São João Crisóstomo sobre a Injustiça Social

São João Crisóstomo, quando era Patriarca de Constantinopla, ficou ofendido com a desigualdade social que via: a realeza e os ricos que viviam em luxo exorbitante, enquanto ao seu redor havia viúvas, órfãos e pobres em extrema pobreza. Ele pregava sermão após sermão contra a desigualdade e a injustiça social. Neste tempo atual de glorificação da riqueza e de grande desigualdade social, precisamos ouvir São João Crisóstomo.
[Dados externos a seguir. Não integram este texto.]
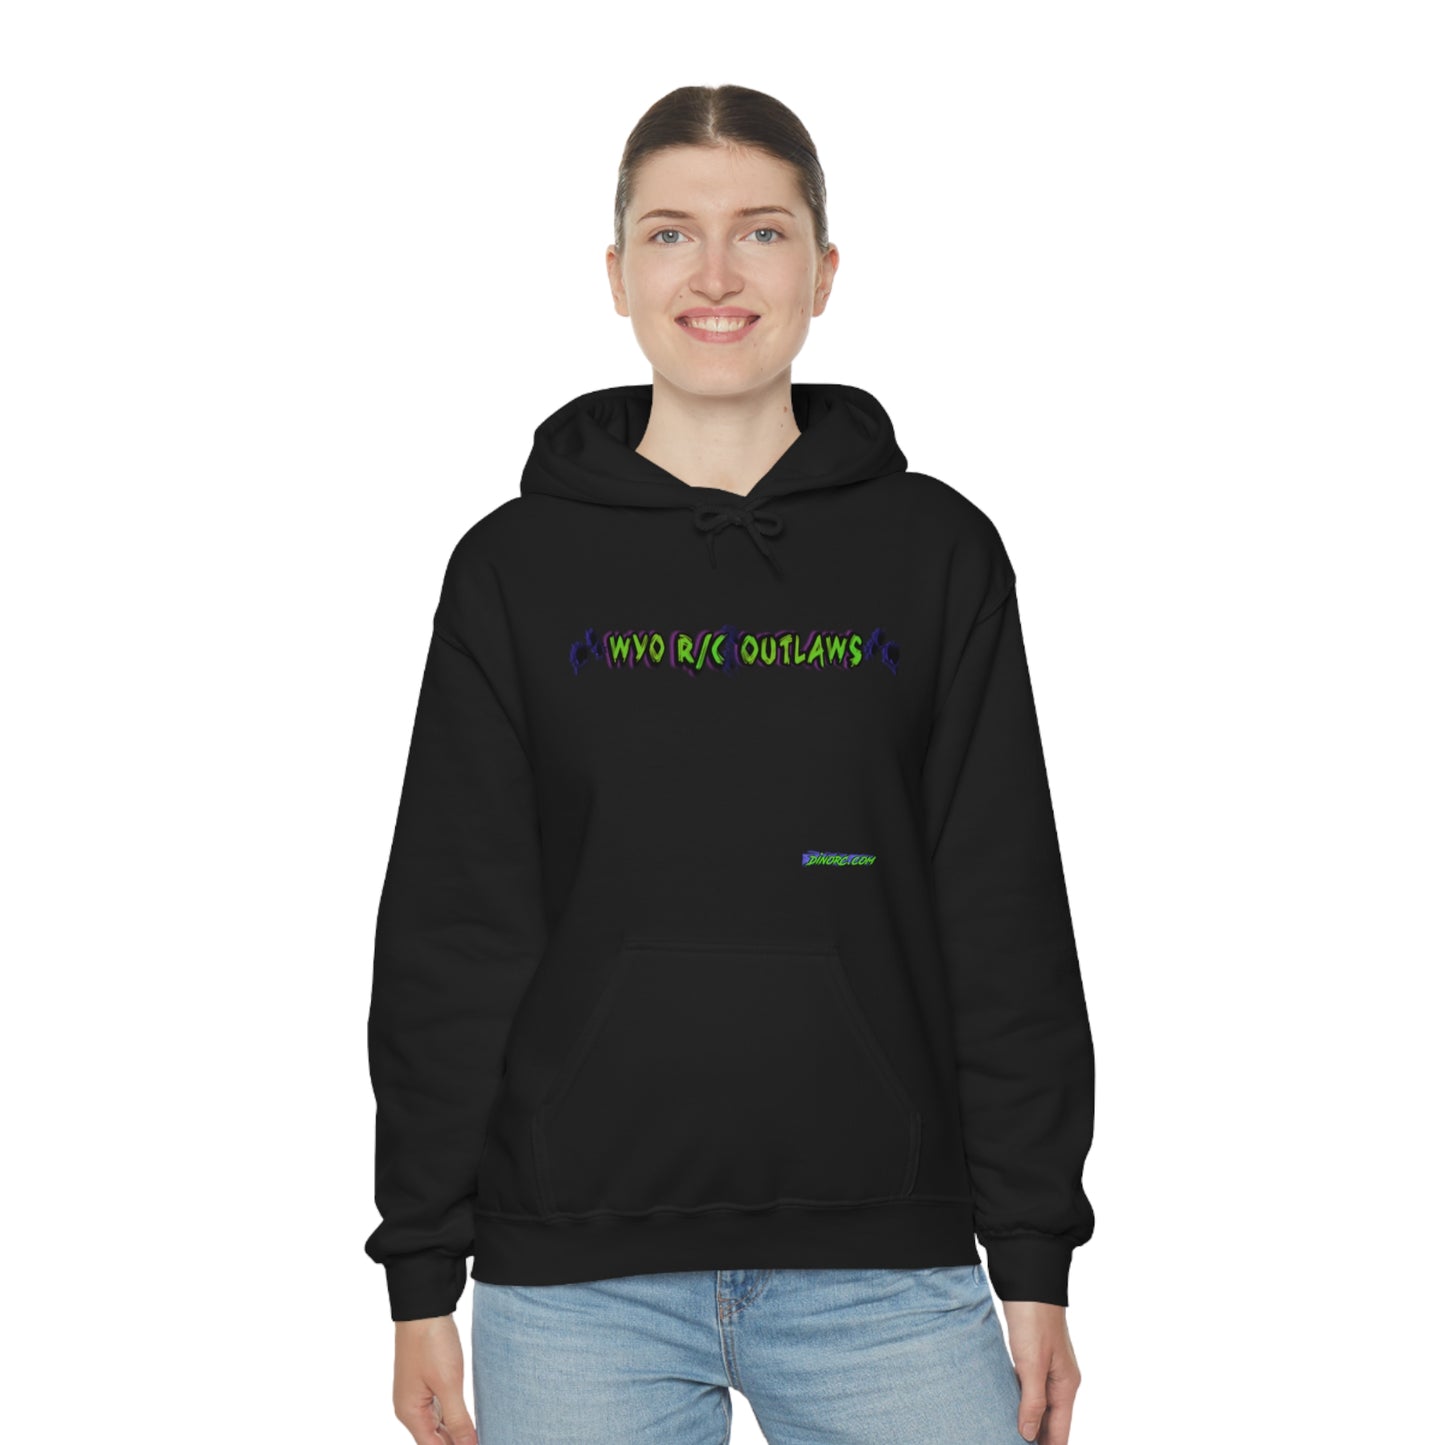 RC Outlaws DinoRC in 4 colors front back Hooded Sweatshirt
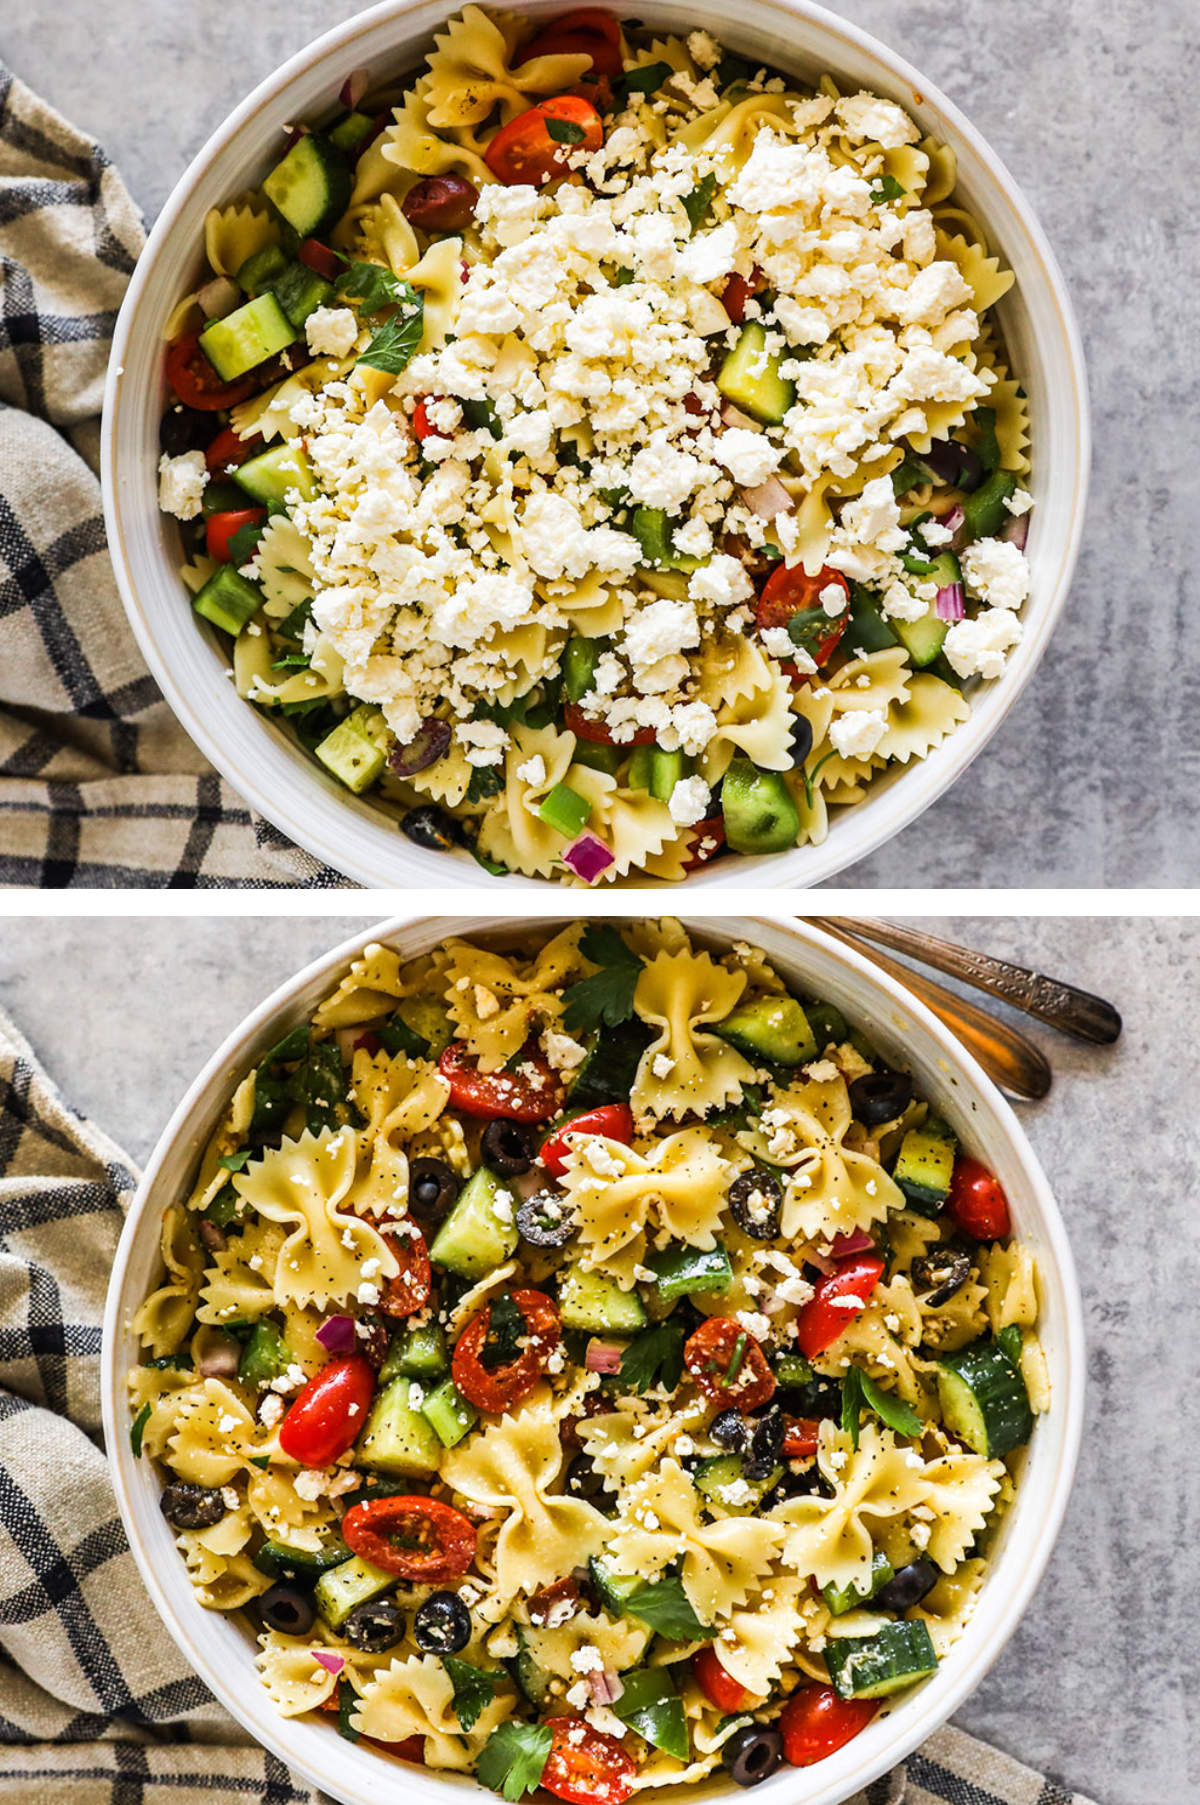 Two overhead images in one. 1. Crumbled feta on top of salad. 2. Feta mixed in with all other ingredients.

Vejamos um pouco do que ele disse:

“Não compartilhar nossa própria riqueza com os pobres é roubo dos pobres e privação de seus meios de vida; não possuímos nossa própria riqueza, mas a deles. ”

“De que adianta se a mesa eucarística estiver sobrecarregada com cálices de ouro quando seu irmão estiver morrendo de fome? Comece satisfazendo a fome dele e depois com o que resta, você também pode adornar o altar’.

“Há danos não apenas na tentativa de obter riqueza, mas também na preocupação excessiva com as coisas mais necessárias. Não basta desprezar a riqueza, mas você também deve alimentar os pobres e, mais importante, deve seguir a Cristo. ”

“Se você subir, evite o luxo, pois o luxo diminui e degrada.”

“Como você acha que obedece aos mandamentos de Cristo, quando gasta seu tempo coletando juros, acumulando empréstimos, comprando escravos como gado e fundindo negócios com negócios? … Com isso você acumula injustiça, tomando posse das terras e casas [do povo], e multiplicando pobreza e fome … Em matéria de piedade, a pobreza nos serve melhor que a riqueza e trabalha melhor que a ociosidade, especialmente porque a riqueza se torna um obstáculo até mesmo para aqueles que não se dedicam a ele. [Deus dá riqueza] não para desperdiçardes com prostitutas, beber, comida sofisticada, roupas caras e todos os outros tipos de indolência, mas para distribuires aos necessitados. [Riqueza excessiva] é roubo, não porque foi roubado como um meio de obter riqueza, mas porque mantê-la é para privar os outros de suas necessidades. Se tens dois pares de sapatos, um pertence aos pobres”.

“Se não conseguirdes encontrar Cristo no mendigo na porta da igreja, não o encontrará no cálice.”

Se você consegue imaginar como suas palavras foram ouvidas pelos ricos da época. Imagine como elas seriam ouvidas hoje!